The 'content' stream returned by job.get_data() supports methods such as read(), seek(), tell().

# Check this file should be processed the file
# this prevents all files travelling over the network (which is terrible if you are processing 200/s)
if b"12345" != job.get_data().read(5):
return status.OPT_OUT
# reset pointer (important!)
job.get_data().seek(0)
# read all bytes
main = job.get_data().read(0)

Tags

Data streams have a tags property, which is a dict of key:value pairs describing the data stream.

Currently, the tags will contain at least 'sha1', 'sha256', 'md5', 'mime', 'magic' (file output), and 'file_format_legacy' (categorised type of the file such as 'RAR' or 'Win32 DLL').

Non-Content Streams

There may be some situations where you want to process non-'content' streams, or specific behaviour for different file types.

The Azul framework identifies the file type of data streams and allows you to filter on them.

The 'file_format_legacy' is intended to match with the types from virustotal. Types are listed in identify.py in azul-bedrock.
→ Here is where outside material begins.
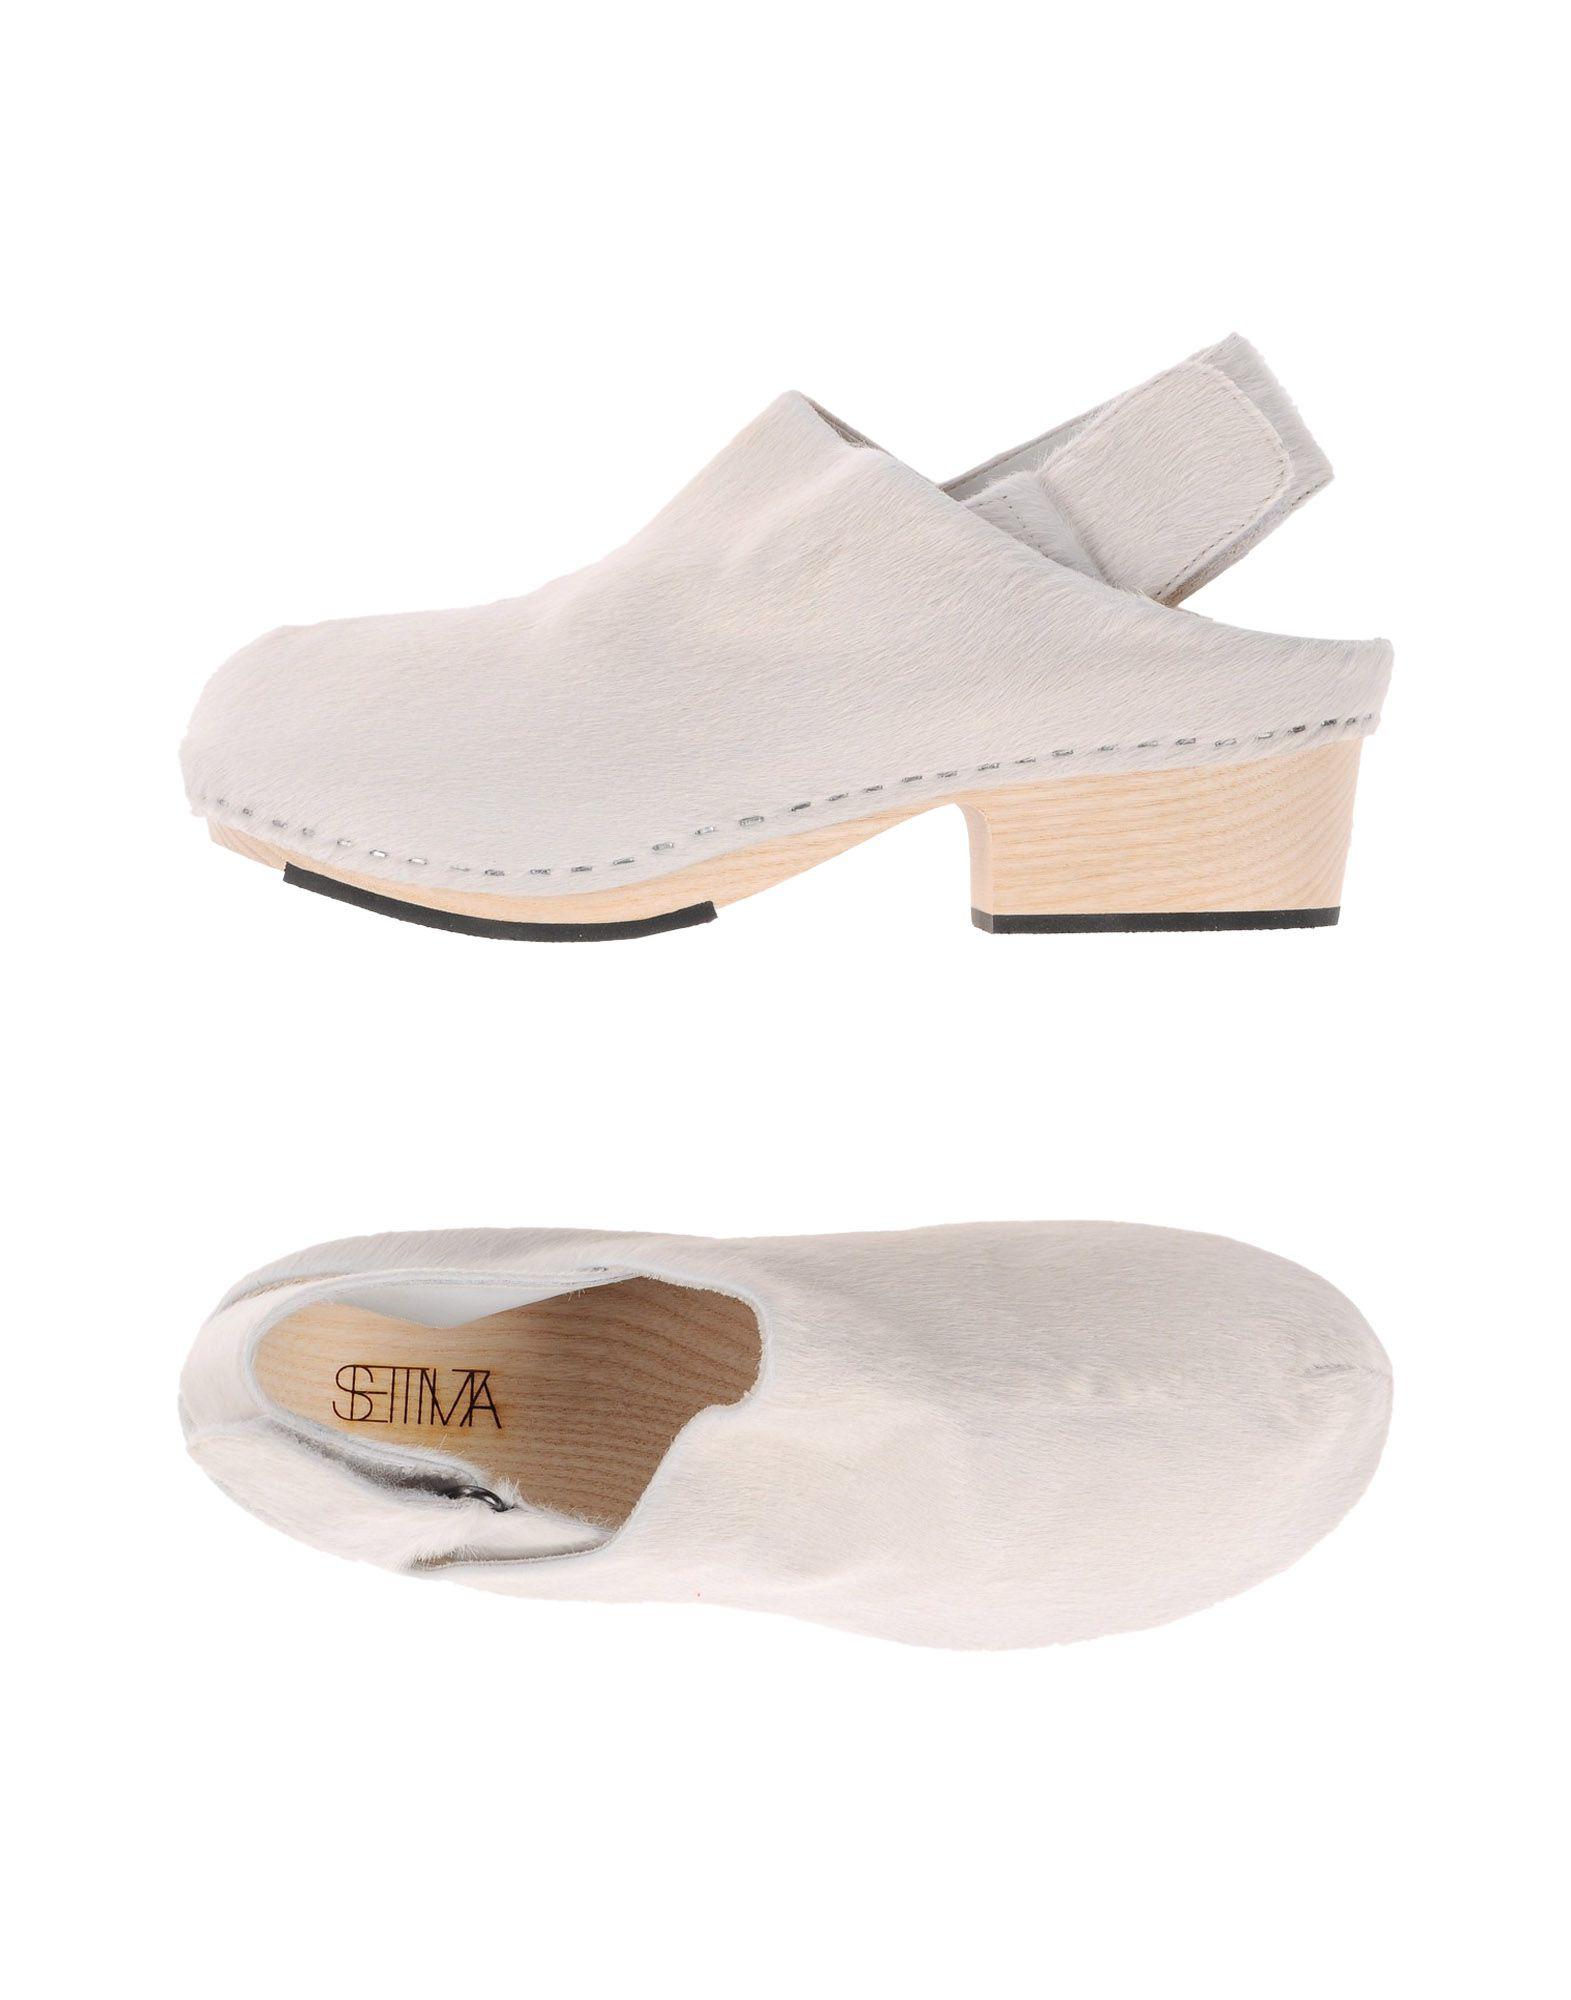 SETTIMA Damen Mules & Clogs Farbe Weiß Größe 5

class MyPlugin(BinaryPlugin):
SETTINGS = add_settings(
filter_data_types={"content": ["executable/windows/dos"],'blob': ['archive/gzip', 'archive/bzip2']},
)

def execute(self, job: Job):
# get_data returns None if no stream has matching label
single = job.get_data(label="invalid")
# get_data cannot match on specific file_format_legacy
single = job.get_data(label=azm.DataLabel.CONTENT)
# get_data raises Exception if multiple streams have matching label
blobby = job.get_data(label=azm.DataLabel.TEXT)
# get_all_data returns a list of streams with matching label and/or file_format_legacy
files = job.get_all_data(file_format="executable/windows/dos")
blobs = job.get_all_data(label=azm.DataLabel.TEXT)
gzips = job.get_all_data(file_format="archive/gzip")
bzips = job.get_all_data(file_format="archive/bzip2", label=azm.DataLabel.TEXT)
class FilteredLookForMZ(BinaryPlugin):
SETTINGS = add_settings(
filter_data_types={azm.DataLabel.CONTENT: ['executable/windows/pe32', 'executable/windows/dos', 'executable/windows/dll32']},
)

def execute(self, job: Job):
mz_thing = job.get_data()

Text reports

It is common to generate a text report or tool output log.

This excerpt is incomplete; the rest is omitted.